Created attachment 1602934 [details] evm.log1.tgz
Created attachment 1602935 [details] evm.log2.tgz
I checked it on CFME-5.11.0.19/RHV-4.3.5: VDDK migration 20 VMs of 20 GB disk run, on the new RHV I got, and the migration passed, for all 20 VMs. Though each of the conversion hosts are set to max_concurrent_tasks=10, one host got 15 VMs, and the second only 5 VMs. @Fabien, Maybe I am missing something, on how the conversion host are evaluated, (Maybe other considerations are taken account here, that I am not a ware of). My understanding is that the VMs should be distributed evenly. In ALL my runs, in RDU lab RHV systems, the distribution is not even, as it was seen in previous versions of CFME. (using CFME-5.11.0.18, CFME-5.11.0.19).
@ilanit, can we get access to the appliance and run the migration plans on our own ? From the logs, we see that the number of running tasks is not updated, so the least utilized host is not always the same, until the value gets updated. @dan, can you look into this please ?
https://github.com/ManageIQ/manageiq/pull/19213
New commit detected on ManageIQ/manageiq/ivanchuk: https://github.com/ManageIQ/manageiq/commit/a4010f7a3817ebb25f0d770e1d60700650a4120c commit a4010f7a3817ebb25f0d770e1d60700650a4120c Author: Adam Grare <agrare> AuthorDate: Fri Aug 30 08:29:27 2019 -0400 Commit: Adam Grare <agrare> CommitDate: Fri Aug 30 08:29:27 2019 -0400 Merge pull request #19213 from djberg96/conversion_host_pending_state [V2V] Add pending state as a valid active task. (cherry picked from commit c5e268341c65f8c33899a411e46b74d71dc86ffc) https://bugzilla.redhat.com/show_bug.cgi?id=1716283 app/models/conversion_host.rb | 2 +- 1 file changed, 1 insertion(+), 1 deletion(-)

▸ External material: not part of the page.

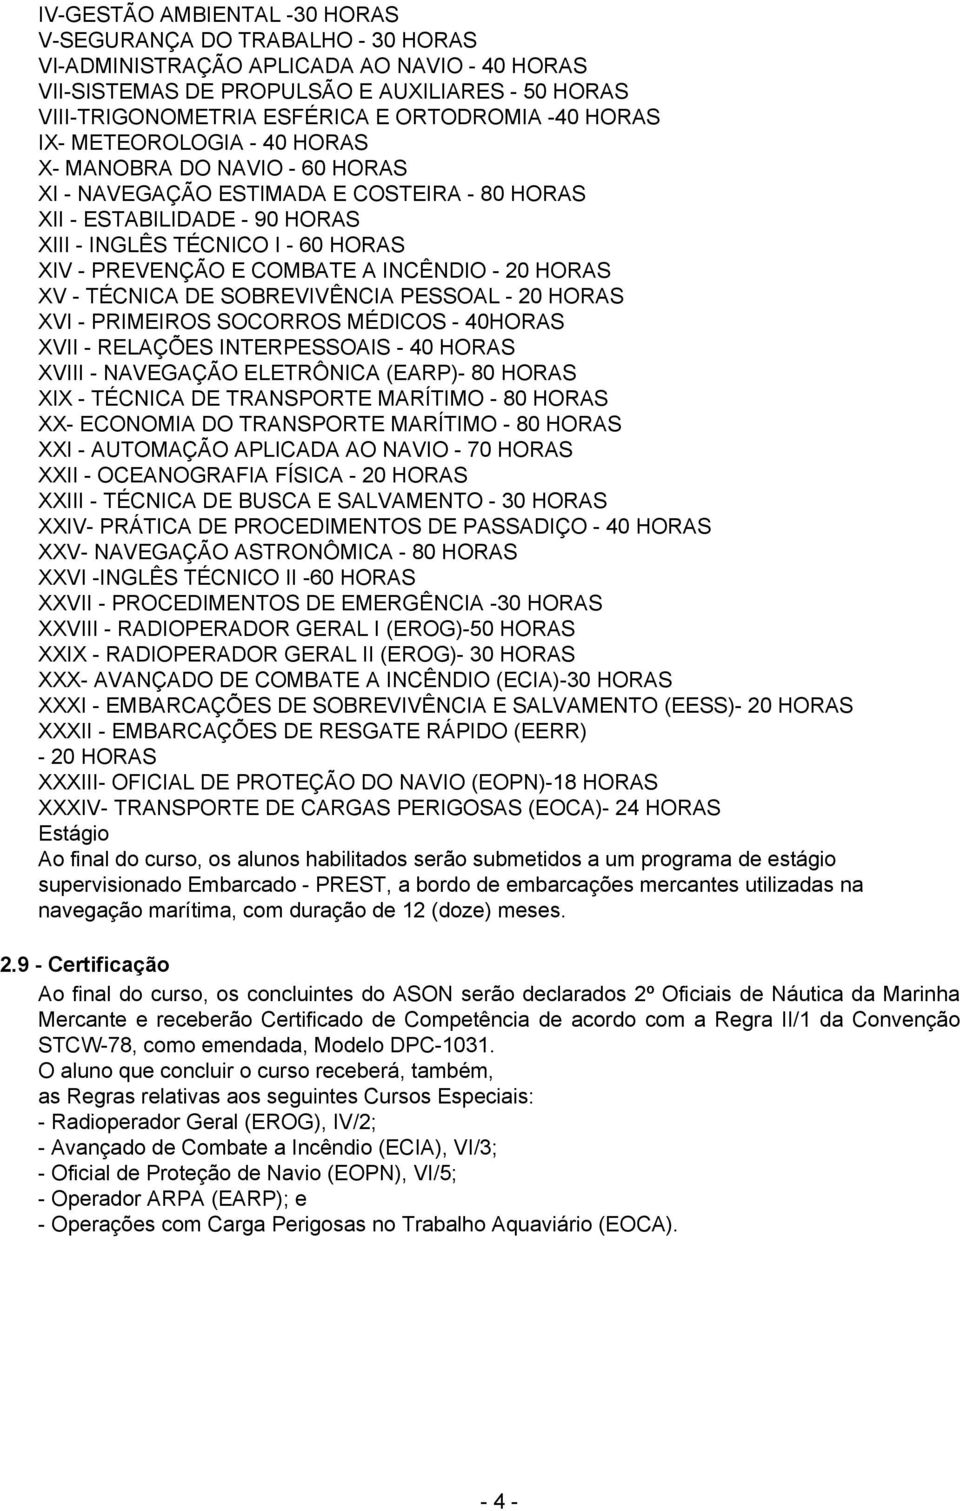 PREVENÇÃO E COMBATE A INCÊNDIO - 20 HORAS XV - TÉCNICA DE SOBREVIVÊNCIA PESSOAL - 20 HORAS XVI - PRIMEIROS SOCORROS MÉDICOS - 40HORAS XVII - RELAÇÕES INTERPESSOAIS - 40 HORAS XVIII - NAVEGAÇÃO

Tested cfme-5.11.0.22 + a fix for this bug rhv-4.3.5.4-0.1.el7 (small scale) v2v migration ended successfully, for all the following tests. VMs were distributed evenly, between the 2 conversion hosts, as expected: test1: 20VMs, 16GB disk, 2 conversion hosts, vddk, provider max concurrent migrations=20, provider max concurrent migrations=10 test2: 20VMs, 16GB disk, 2 conversion hosts, vddk, provider max concurrent migrations=20, provider max concurrent migrations=5 test3: 20VMs, 100GB disk, 2 conversion hosts, vddk, provider max concurrent migrations=20, provider max concurrent migrations=10 Logs can be found here: https://drive.google.com/drive/u/0/folders/1hO3pvxLMP4SKznVDOTJrWA70_lCudxSw : evm_log1.log - last 10:10, 5:5 16GB 20 VMs migration evm_log2.log - last 10:10, 100GB 20 VMs migration
Ilanit, Can this be marked as verified based on Comment 34.

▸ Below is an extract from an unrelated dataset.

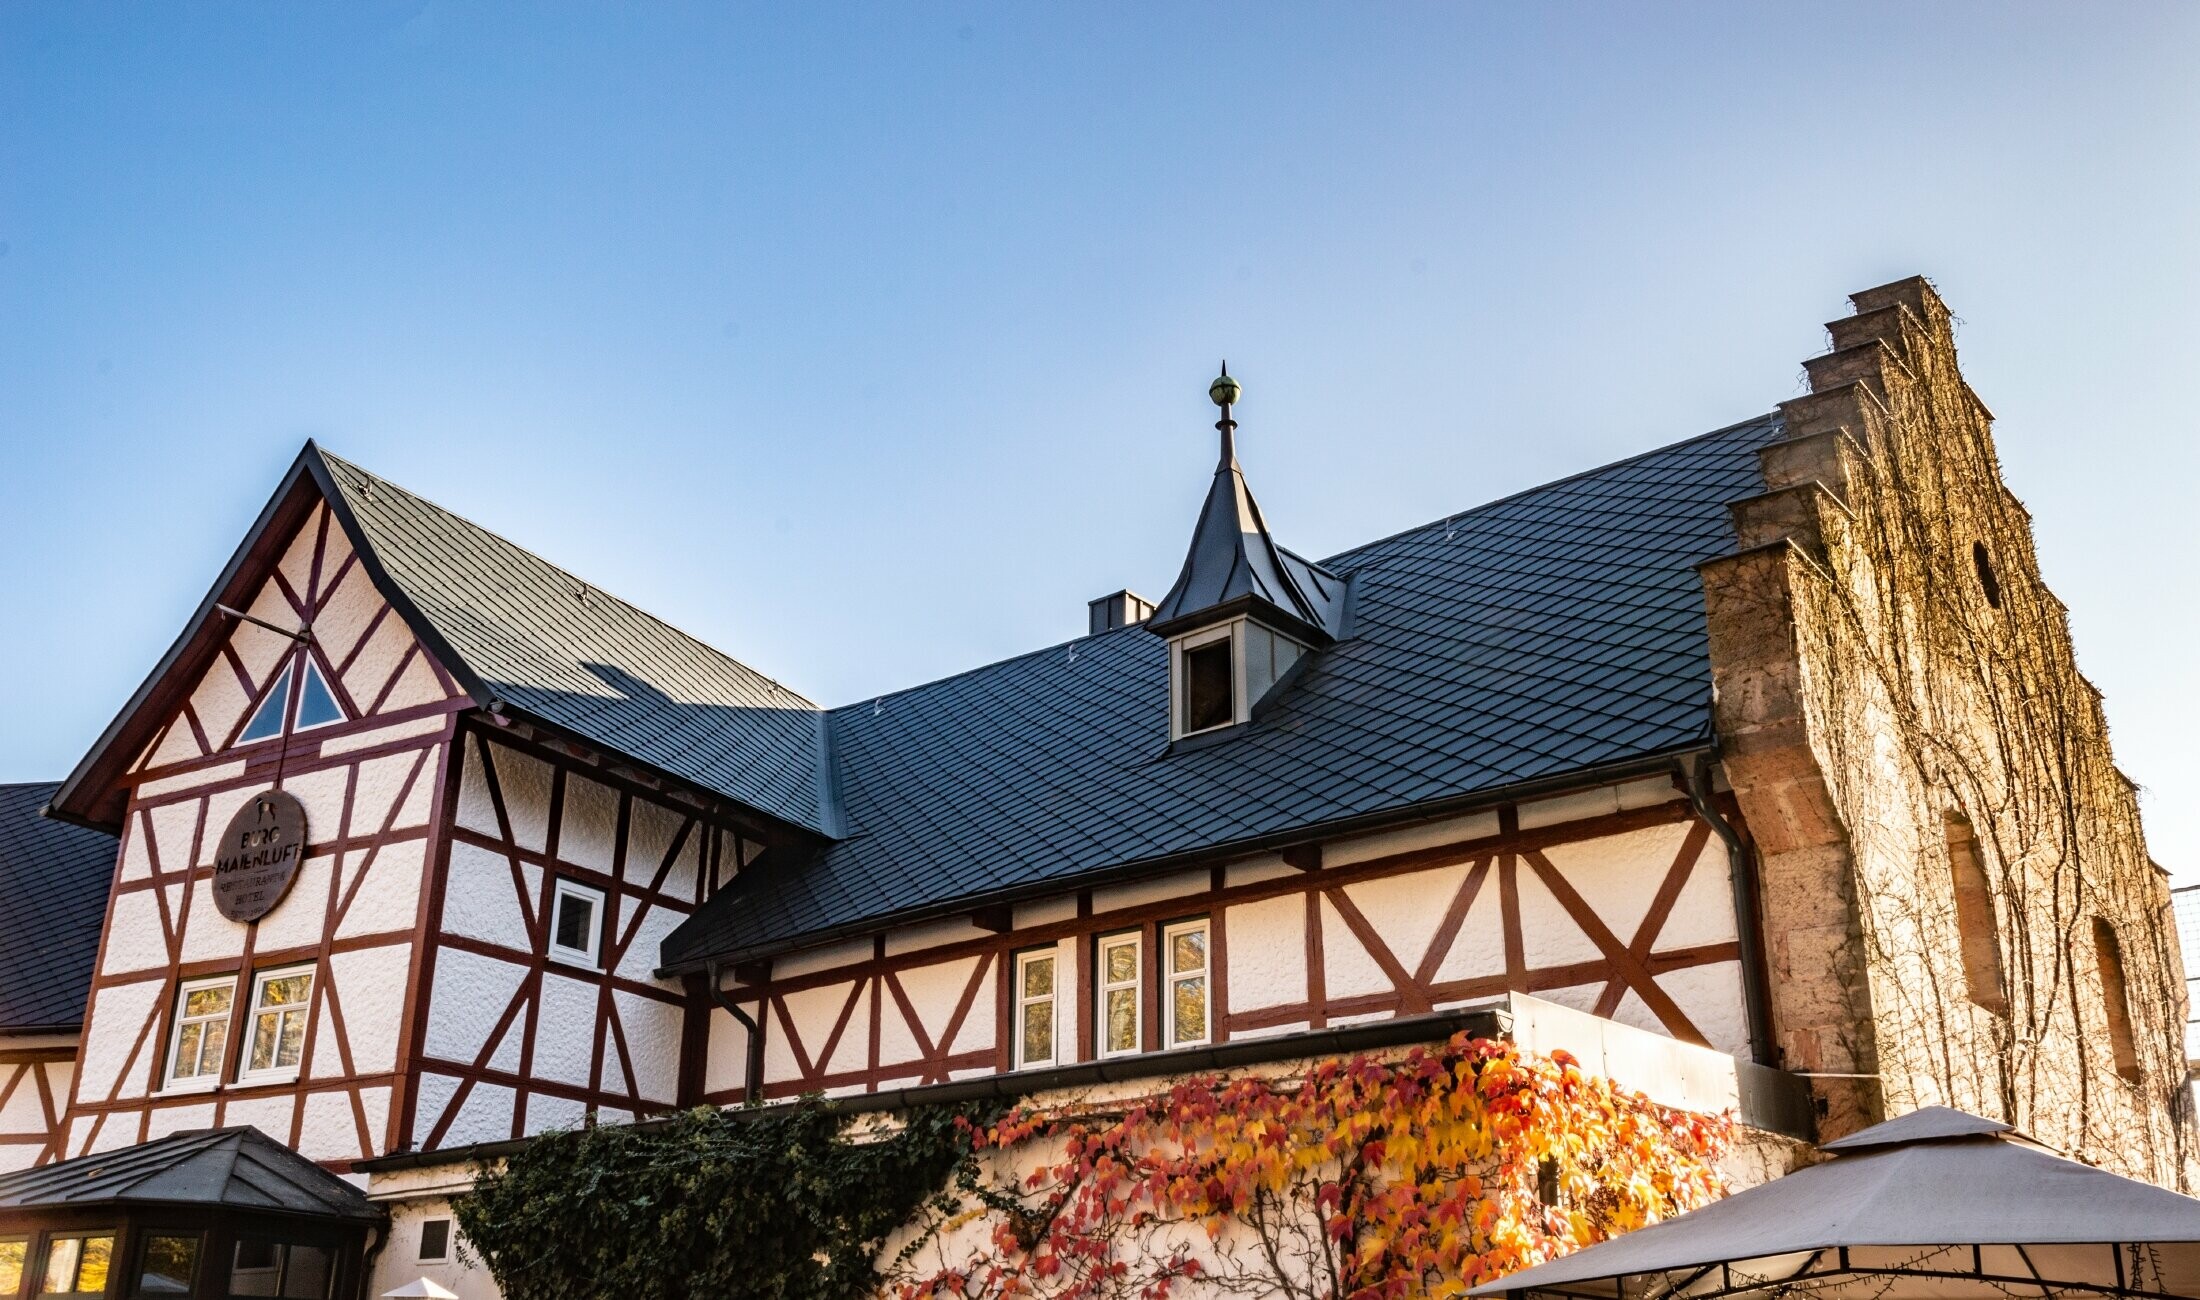 Hotel Burg Maienluft renoverades med PREFA väggromber 29 × 29 i antracitgrått, fasaden är en korsvirkesfasad.

in reply to comment #35 No because I still need to check it is working on CFME-5.11.0.23
Verified on CFME-5.11.0.24/RHV-4.3.5.4-0.1.el7. Tested with 20 VMs, 20GB disk each. 2 conversion hosts. conversion host Concurrent max tasks = 10 Provider concurrent migrations = 20 VMs were distributed evenly, between 2 conversion hosts, 10:10.